When Marci Maxey’s father moved to Texas to take care of her ailing grandmother last August, the Sacramento resident found herself alone for the first time in her life.

She was taking classes at a community college and didn’t have a job. She had some money from her family, but it wasn’t enough to live on. “There were times when I felt that maybe I’m not going to be able to have enough food,” she said.

Because Maxey qualified for her college’s work-study program, she was eligible for food stamps under the federal Supplemental Nutrition Assistance Program, known as CalFresh in California. To qualify for SNAP, an individual’s net income must not exceed the federal poverty level — $12,060 in 2017.

Maxey was hesitant at first, having been raised to be self-sufficient and not take government help, she said. Yet she hasn’t gone hungry since.

College students — particularly those in two-year community colleges — risk going hungry more often than Americans might think, according to a study released Tuesday by the Urban Institute, a liberal think tank based in Washington, D.C.

Marci Maxey and her mother, Marti Gonzalez (Courtesy of Marciena Maxey)

Social researchers call these students “food-insecure,” meaning they can’t consistently get access to or afford adequate food.

The study, based on U.S. Census data from 2001 to 2015, found that households with two-year college students were consistently more likely to be “food-insecure” during that period, especially after the 2008 recession.

From 2008 to 2014, 21.2 percent of households including two-year college students reported experiencing food insecurity. About 13 percent of four-year students and 16.6 percent of vocational students were food-insecure during that period.

Food insecurity among two-year students peaked in 2012 at 24 percent, but fell to 13.3 percent in 2015, compared with 11 percent of four-year students and 13.5 percent of vocational students. The study did not provide state-level data.

Food insecurity has been linked to poorer health and academic performance as well as depression and anxiety.

Food stamps have helped ease hunger among college students, according to the Urban Institute study. But to receive benefits, college students must either qualify for work-study programs by income or work 20 hours a week.

Twenty hours of work plus academic demands is “quite a lot for any student to manage, let alone students who are already struggling with their basic needs,” said Kristen Blagg, one of the researchers. And federal work-study funds tend to be allocated to four-year colleges, she added.

Policymakers may want to consider easing the off-campus work hours required for students to remain eligible for food stamps, so they can focus on their studies, the study suggested.

In the meantime, California college officials say they are doing what they can to ensure their students don’t go hungry.

Although community colleges can decide on their own how to address hunger, California’s community college system offers on-campus training for faculty and staff so they can help students qualify for food stamps, according to Colleen Ganley, who works in the California Community College Chancellor’s Office.

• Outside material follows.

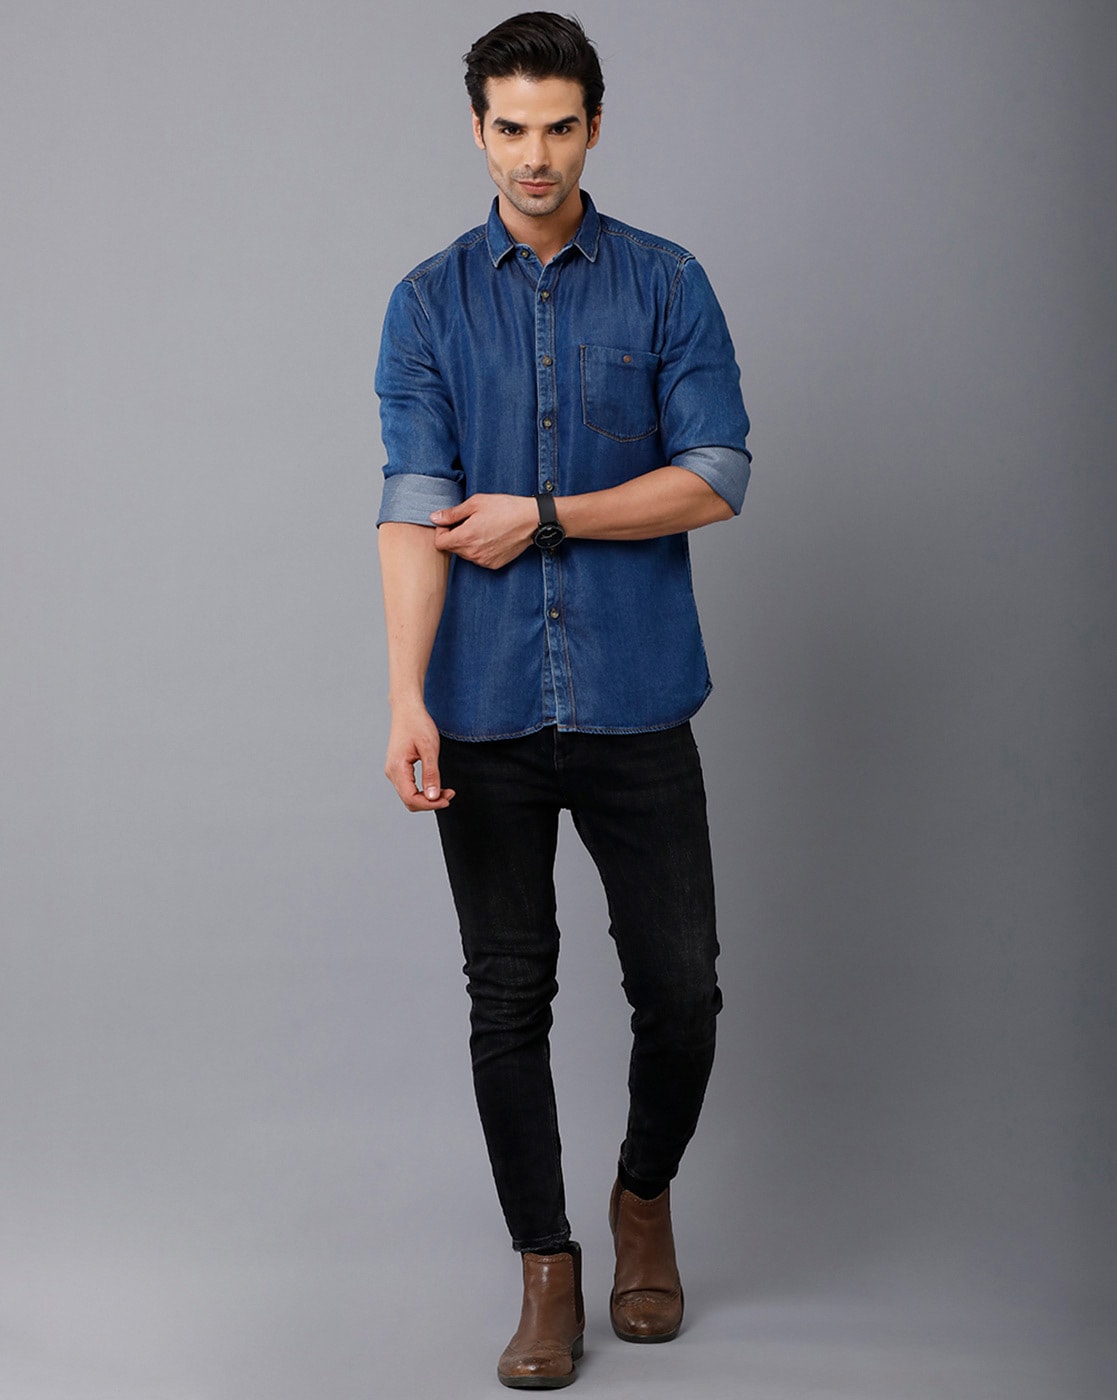 jeans men - Buy jeans men Online Starting at Just ₹318 | Meesho

New legislation that takes effect next year will require California to notify students who receive Cal Grant scholarships, which are based on income, that they are eligible for food stamps.

Gov. Jerry Brown also approved $7.5 million in the recently-passed state budget to support CalFresh enrollment and create food pantries at public colleges. The money is to be split evenly among the University of California, California State University and California Community College systems.

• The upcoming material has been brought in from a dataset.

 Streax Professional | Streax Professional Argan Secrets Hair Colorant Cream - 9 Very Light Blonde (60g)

Mike Uhlenkamp, a California State University spokesman, said the system commissioned its own study two years ago, which found that about 20 percent of its students were food-insecure.

Uhlenkamp said most CSU campuses have food pantries, and some are trying to make the CalFresh program more available to students. The chancellor’s office hired a director of basic needs in July to lead these efforts, he said.

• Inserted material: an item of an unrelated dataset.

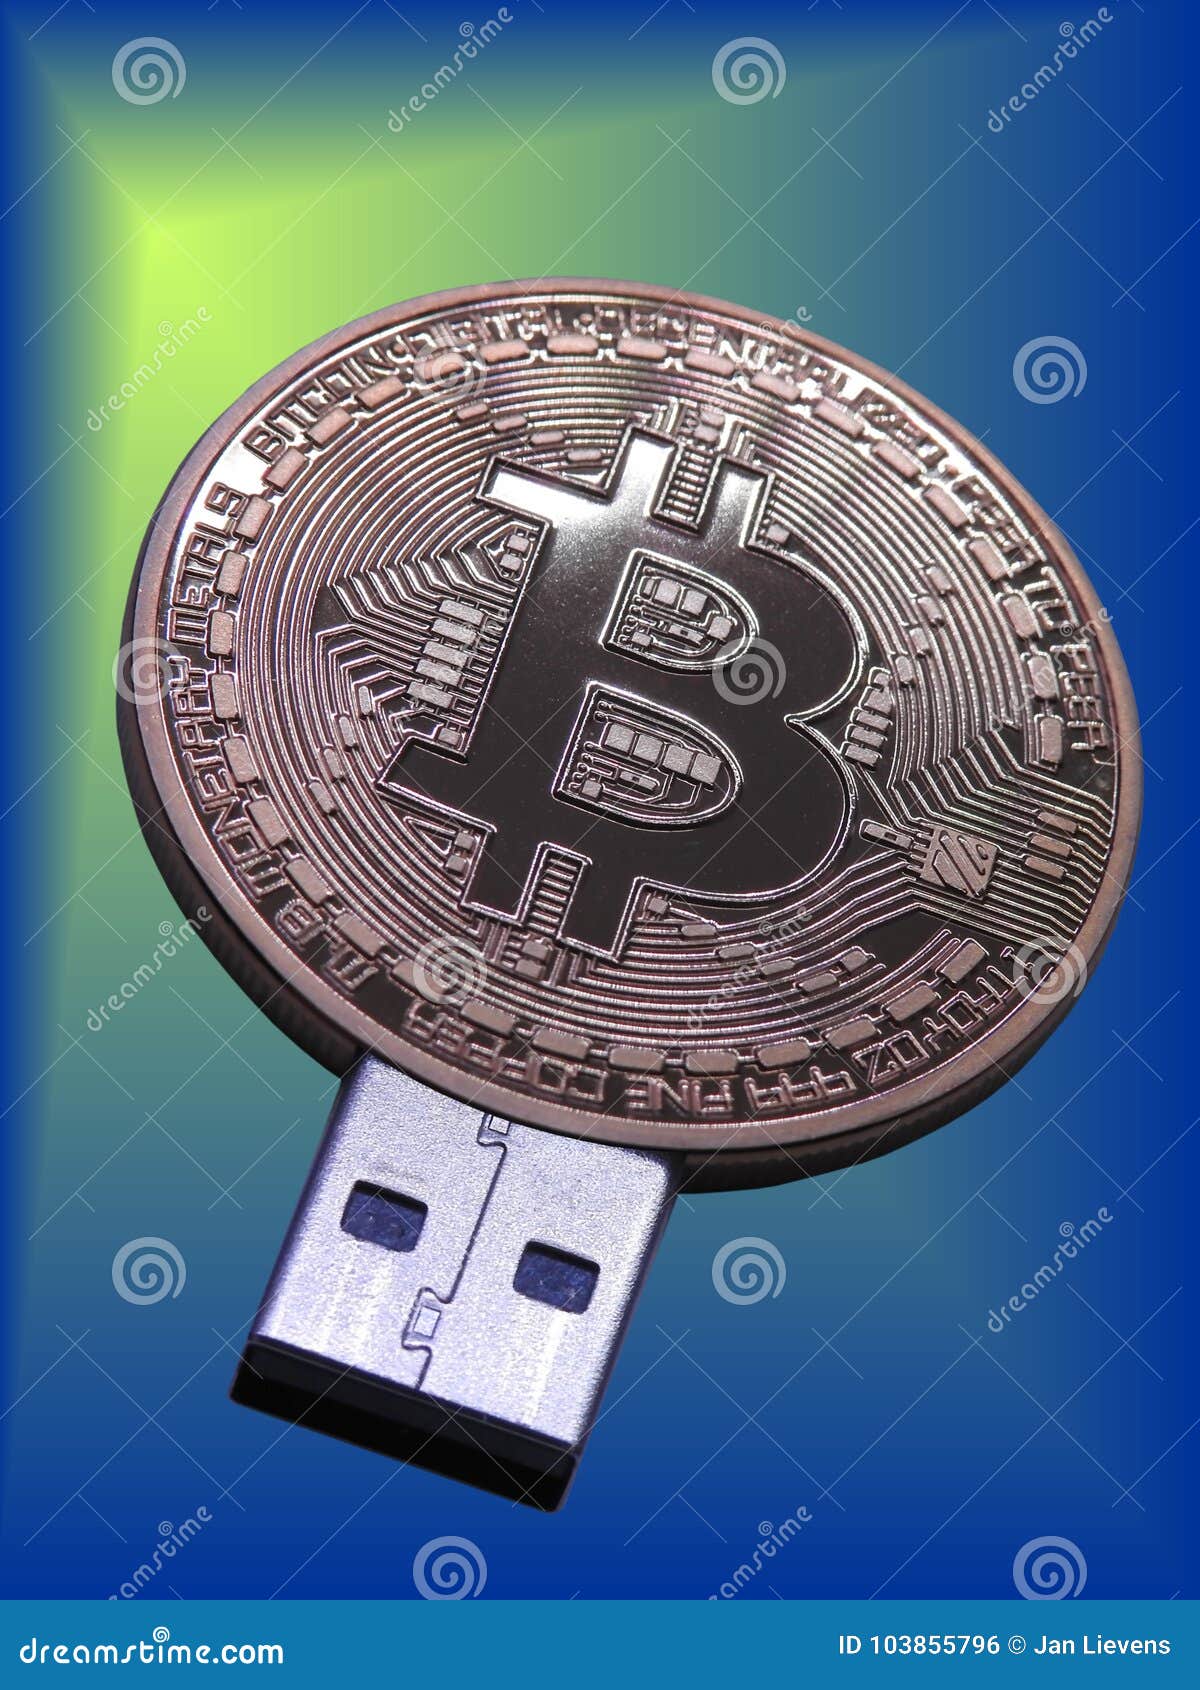 Bitcoin wallet usb stick - Demo trading crypto

In Sacramento, a food bank donates to Sacramento City College and California State University-Sacramento.

Every Wednesday, about 500 Sacramento City College students stop by to pick up fresh produce delivered by the Sacramento Food Bank, which is distributed farmers market-style by students. (Courtesy of Sacramento Food Bank and Family Services)

Kelly Siefkin, Sacramento Food Bank vice president of communications and marketing, said the colleges have employed fellow students to distribute the food — farmers market-style.

“It turns out that really minimizes some of the stigma,” Siefkin said.

Not all campuses offer as much help to their students. Marci Maxey said the campus of her two-year school near Sacramento, Woodland Community College, is just too small to support a food pantry or other services.

“There isn’t a lot of food on campus. We don’t even have a cafeteria. Things like that kind of make it hard,” Maxey said.